Abstract

Congress, in passing the US Patient Protection and Affordable Care Act (2010), 1 created a Patient-Centred Outcomes Research Institute but prohibited it from using cost-per-QALY (quality-adjusted life year) thresholds.
The Act states that ‘the Secretary shall not use evidence or findings from comparative clinical effectiveness research … in determining coverage, reimbursement, or incentive programs … in a manner that treats extending the life of an elderly, disabled, or terminally ill individual as of lower value than extending the life of an individual who is younger, nondisabled, or not terminally ill.’
The Act forbids determining the cost of a medical intervention in terms of the cost per quality-adjusted year of life gained, not per year of life gained. This is an important distinction. The Act appropriately makes explicit that it is not right to discount the value of a life because of an individual's disability. If an individual is, for example, paraplegic but wants to live, he or she is entitled to the same ‘value’ as someone who can walk.
Neumann and Weinstein 2 have recently argued that the Act signifies rejection of a quantitative approach to assessing the cost-effectiveness of different treatments. It does not. What it signifies is that the value of a year of life is not to be reduced in the case of someone with a disability. A disabled person's wish to live another year should be respected in precisely the same way as an able person's wish to live another year. The Act correctly rejects QALYs gained, but not life years (LYs) gained.
Discounting LYs gained in the future should also be rejected. This form of discounting aims to calculate a ‘present value’ similar to that of future business revenues when an investment decision is being considered. If the discount rate is 3.5%, £100 of income received in 10 years’ time will have a present value of £70. If this £100 were the only envisaged return from the contemplated investment, the latter would have to cost less than £70 to be profitable.

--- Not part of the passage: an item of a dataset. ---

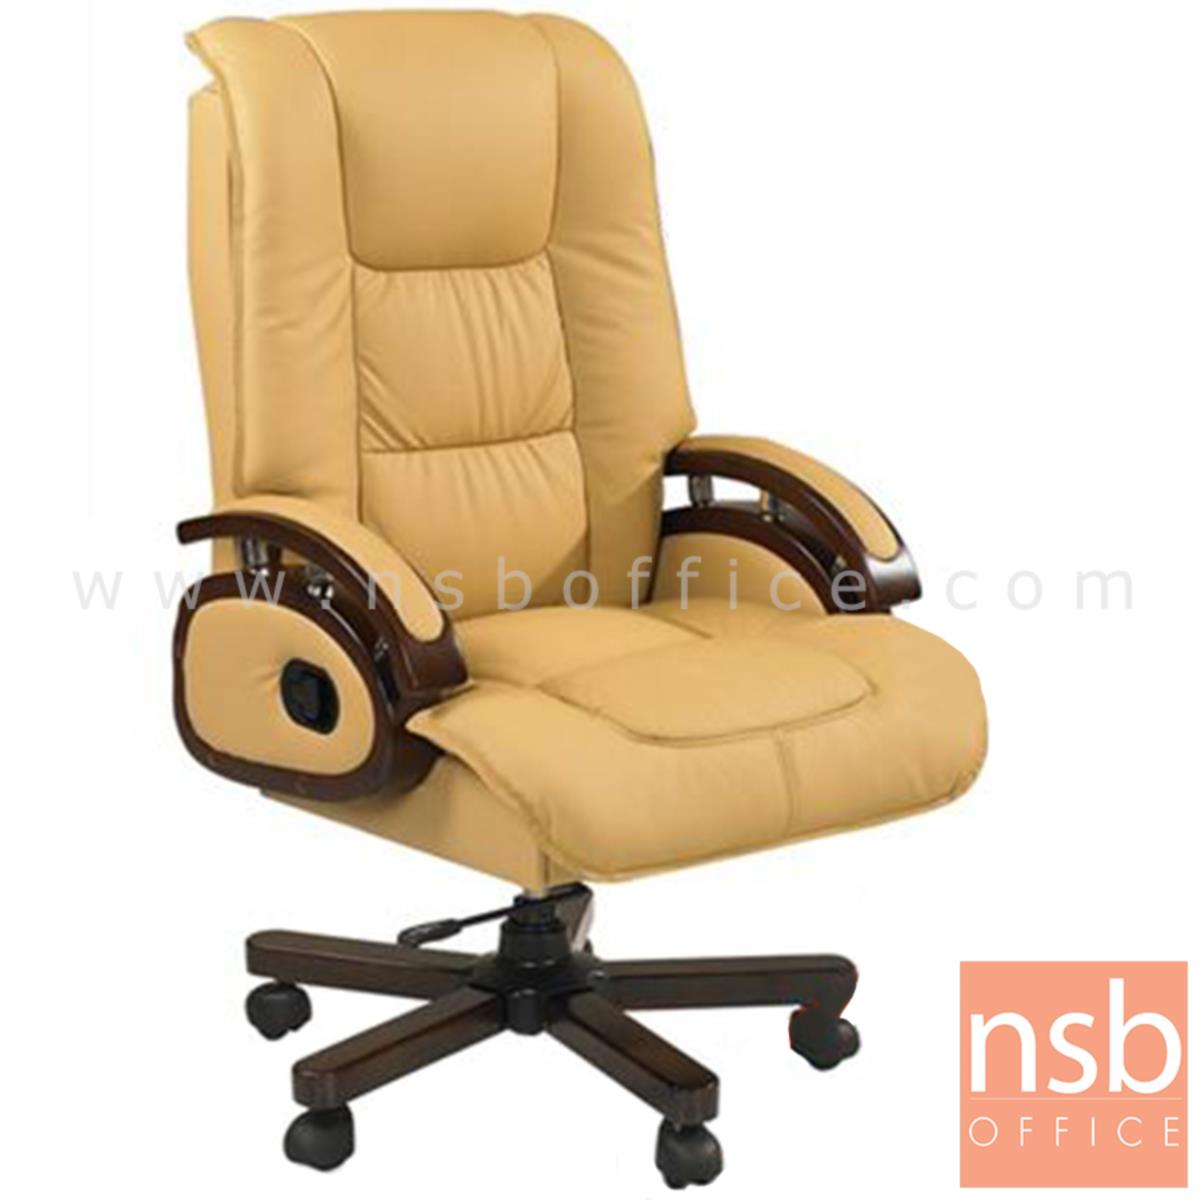 B25A033:เก้าอี้ผู้บริหารหนัง PU รุ่น Lanter (แลนเทอร์)  โช๊คแก๊ส ขาไม้

While such an approach may also be valid for a single individual who is making a personal choice between his present and his future, it is not applicable to decisions affecting whole categories of people who differ only by existing at different points in time. For example, a year of life gained in a 50-year-old person in the present should be assigned a value no greater than a similar year of life gained in another 50-year-old person 10 or 20 years later.
In formulating public health policy a year of life saved today, tomorrow, or in 10 years should have equal weight-otherwise, interventions that would secure health gains in future are liable to be rejected because the cost per year of life gained is made to appear exorbitant merely as a result of improperly discounting many of the years in question. The cost per year could appear to be magnified by a factor of four if the health gains were to occur in 20 years’ time. This would discourage investment in preventive medicine and, incidentally, policies designed to stabilize climate or to promote ecological sustainability.
Cost-effectiveness assessments based on LYs gained from a medical or public health intervention are useful but need to be undertaken without discounting any of the LYs in question, whether on the basis of some formulaic ‘quality’ adjustment, or on account of timing. Rejecting these commonly performed discounting adjustments is of special importance in the evaluation of medical screening and public health initiatives where the expected health gain can arise many years in the future.